Genetic and evolutionary rescue has been increasingly recognised as viable strategies for increasing genetic diversity and population viability (Fitzpatrick et al. 2020; Frankham 2015; Oziolor et al. 2019). We found only limited evidence for drastically reduced diversity and no clear signal of severe inbreeding in the studied populations. While more focused analyses and temporal data would be useful for a thorough evaluation of inbreeding and climate change vulnerability, our results indicate that genetic rescue would not be immediately needed as a conservation strategy for the majority of populations included in this study. However, on longer time scales, for example in relation to buffering populations against the impacts of climate change, enhancing and supporting genetic diversity in local populations through restoration should be a relevant strategy and an integrated aim in hatchery management.
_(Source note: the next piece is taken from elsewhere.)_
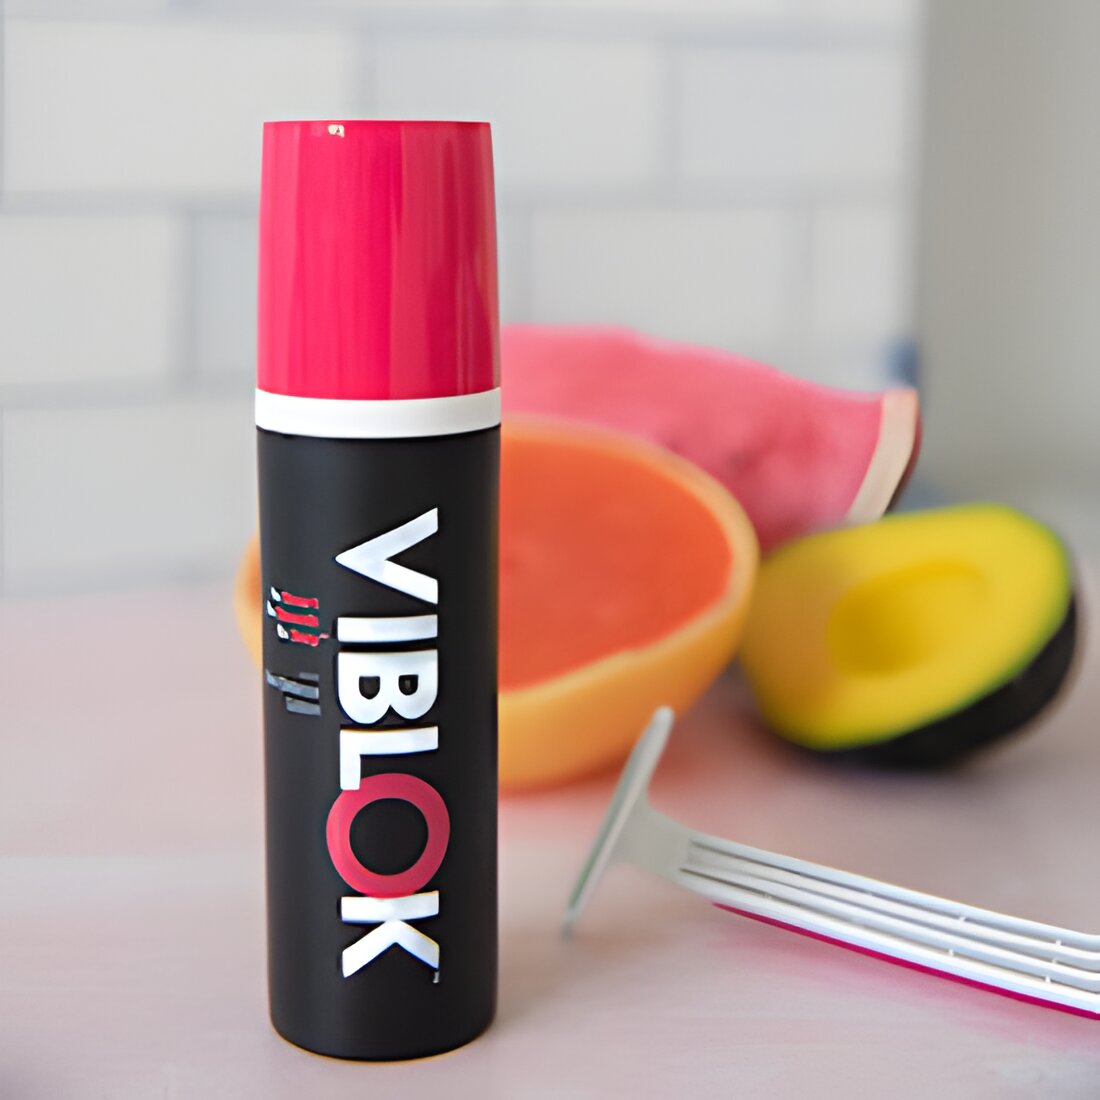 Free Sample Of ViblokÂ® Skin Defense Lotion

As such, our results highlight the necessity to have genetic information regarding both receiving and donor populations for genetic management of O. edulis wild remnant populations.
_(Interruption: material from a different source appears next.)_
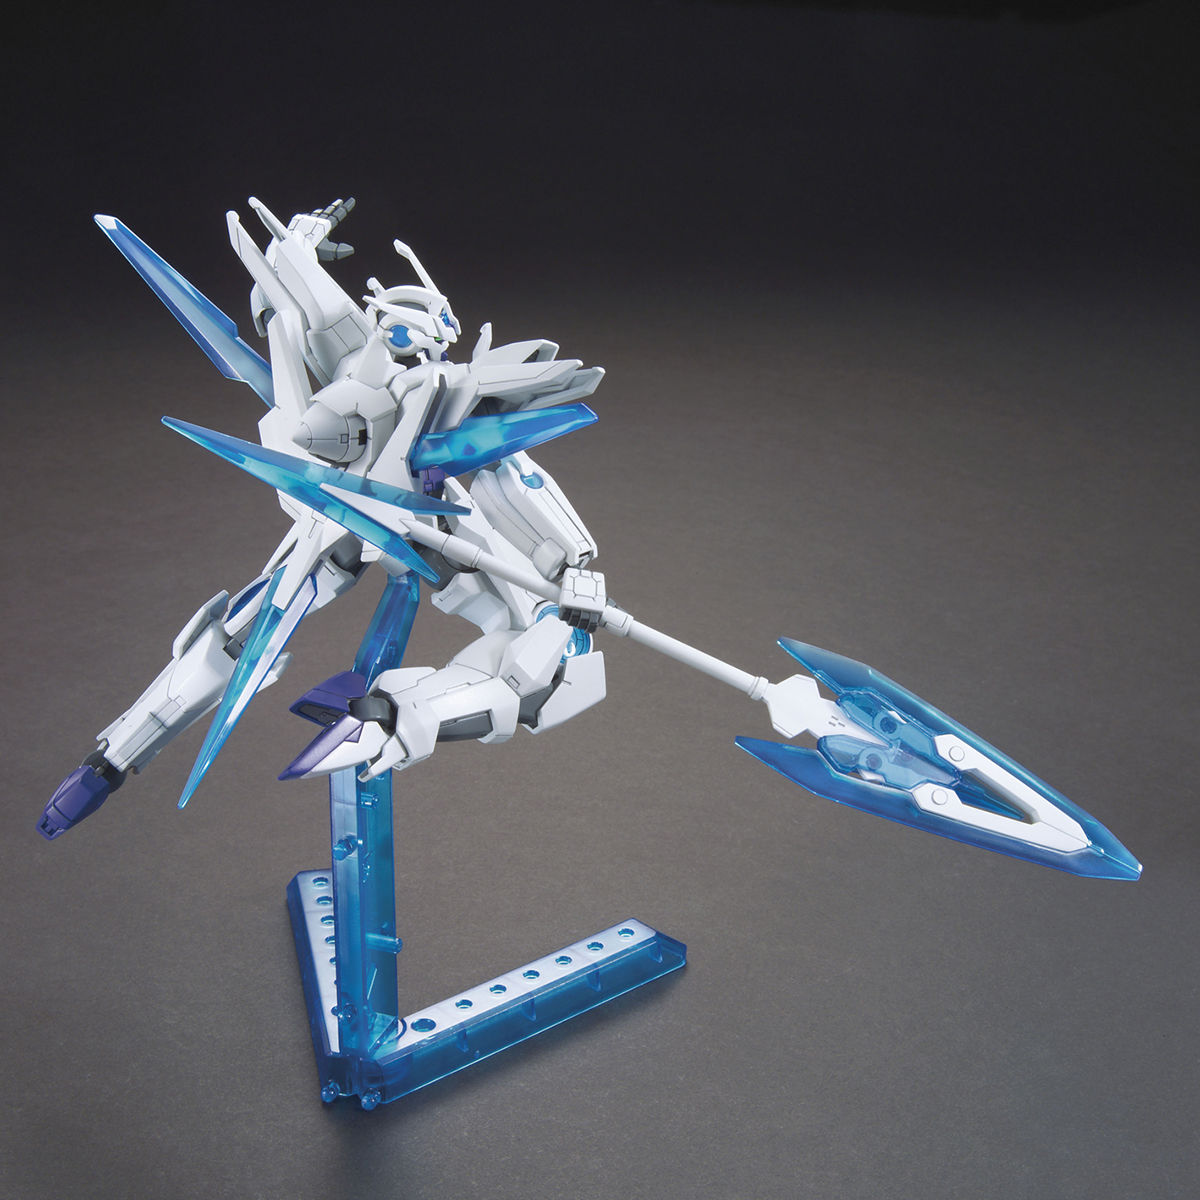 HGBF 1/144 Transient Gundam

The genetic basis of resistance to the harmful parasite B. ostrea is under scrutiny due to its severe impact on wild and cultured stocks (Culloty, Cronin, and Mulcahy 2004; Madsen, Kamp, and Mellergaard 2013; Madsen and Thomassen 2015; Sas et al. 2020). Resilience to the parasite has been linked to a genomic region (Sambade et al. 2022) associated with “Chr08:33800Kb_sv”, and consequently to variants we found to be almost fixed in Scandinavian sampling sites. However, while Norway and Sweden have not been impacted by severe disease outbreaks, the disease has been found in the Danish Limfjorden (Madsen and Thomassen 2015). In addition, the two sampling sites from the Netherlands, which both had high frequencies of the same SV allele, are considered to be, respectively, “naïve” to bonamiosis (Wadden Sea), and ‘long-term affected’ (Grevelingen; Sambade et al. 2022). Thus, overall there is not a clear link between the contemporary distribution of putative resistance alleles and the disease status of Wadden Sea-Scandinavia populations. As mentioned previously, it is also likely that neutral evolutionary forces and selection on any of the hundreds of genes in “Chr08:33800Kb_sv” in response to other drivers, could be responsible for shaping geographical patterns of diversity for this particular genomic region. Importantly, we found the “Chr08:33800Kb_sv” to segregate at most sites in the Atlantic. This suggests that important disease-resistance related diversity may be present as standing variation to support resilient restoration approaches and perhaps provide the basis for marker assisted selection at local scales.